Timo Werner auf einem guten Weg zurück

Der zweite nominierte RB-Profi, Timo Werner, ist zwar noch nicht wieder bei 100 Prozent. Aber er zeigte gegen den FC Porto, dass er auch die nicht ganz einfachen Tore schon wieder zu machen im Stande ist. „Timo ist wieder auf einem guten Weg.

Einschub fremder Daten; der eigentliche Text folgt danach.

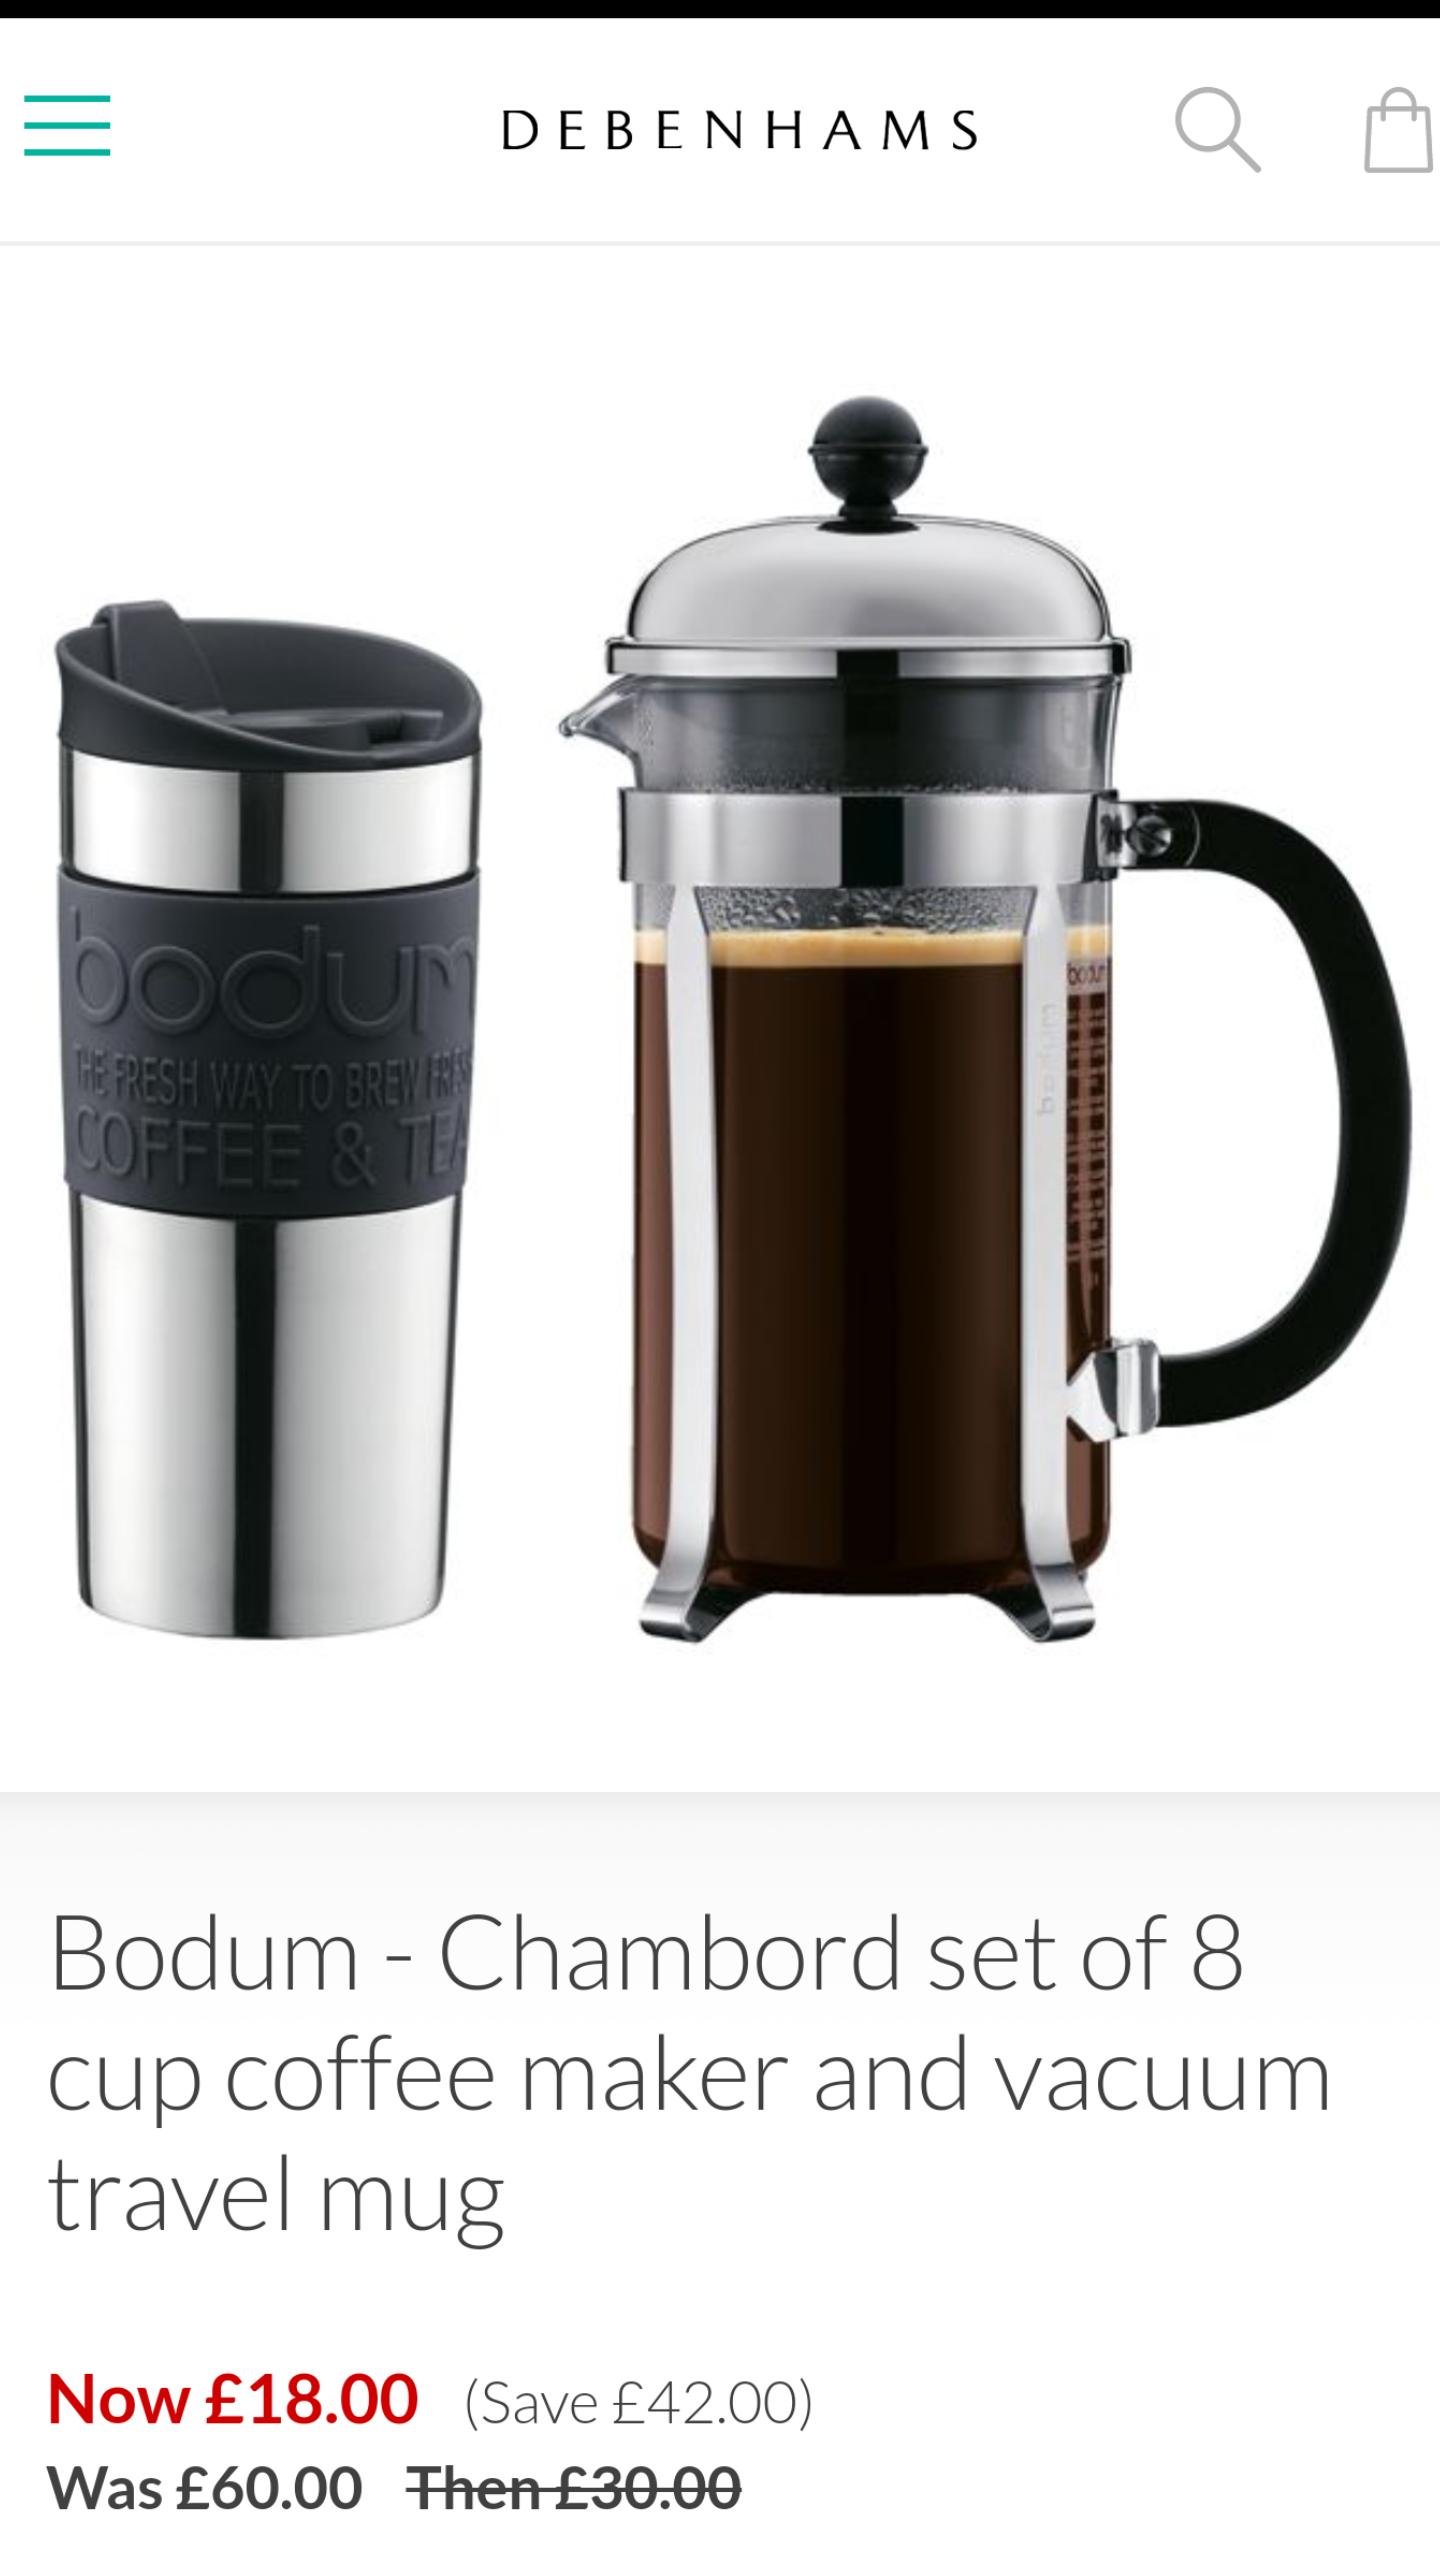 Bodum-Chambord set of 8 cup coffee maker and vacuum travel mug - Debenhams - £18

Dementsprechend wird der Teamchef nicht auf ihn verzichten“, bereitet sich Ralph Hasenhüttl schon darauf vor, dass er ihn in der Länderspielpause nicht im Training hat. Was er aber nicht als Problem empfindet. „Ich sehe es immer mit einem lachenden Auge, wenn ein Spieler nominiert wird.“

Ralph Hasenhüttl wünscht Forsberg und Poulsen viel Glück

Außerdem stehen besonders für Emil Forsberg (mit Schweden gegen Italien) und Yussuf Poulsen (mit Dänemark gegen Irland) ganz wichtige Duelle in den Play-Offs der WM-Qualifikation an. „Schweden hat das schwerste Los“, kommentierte Forsbergs Trainer die anstehenden Partien seines Spielmachers. Beiden wünscht er „alles gute und am liebsten schicke ich sie weg, wenn wir vorher noch gewonnen haben“, forderte er zuvor nochmal Bestleistungen von seinen Nationalspielern gegen Hannover 96.

Bruma für Portugal nominiert

Außerdem darf Bruma auf einen Einsatz für Portugal hoffen. Diesmal steht er bei der A-Nationalmannschaft mit im Aufgebot für die Freundschaftsspiele gegen Saudi Arabien und die USA. Die Portugiesen haben sich für die Weltmeisterschaft in Russland bereits qualifiziert.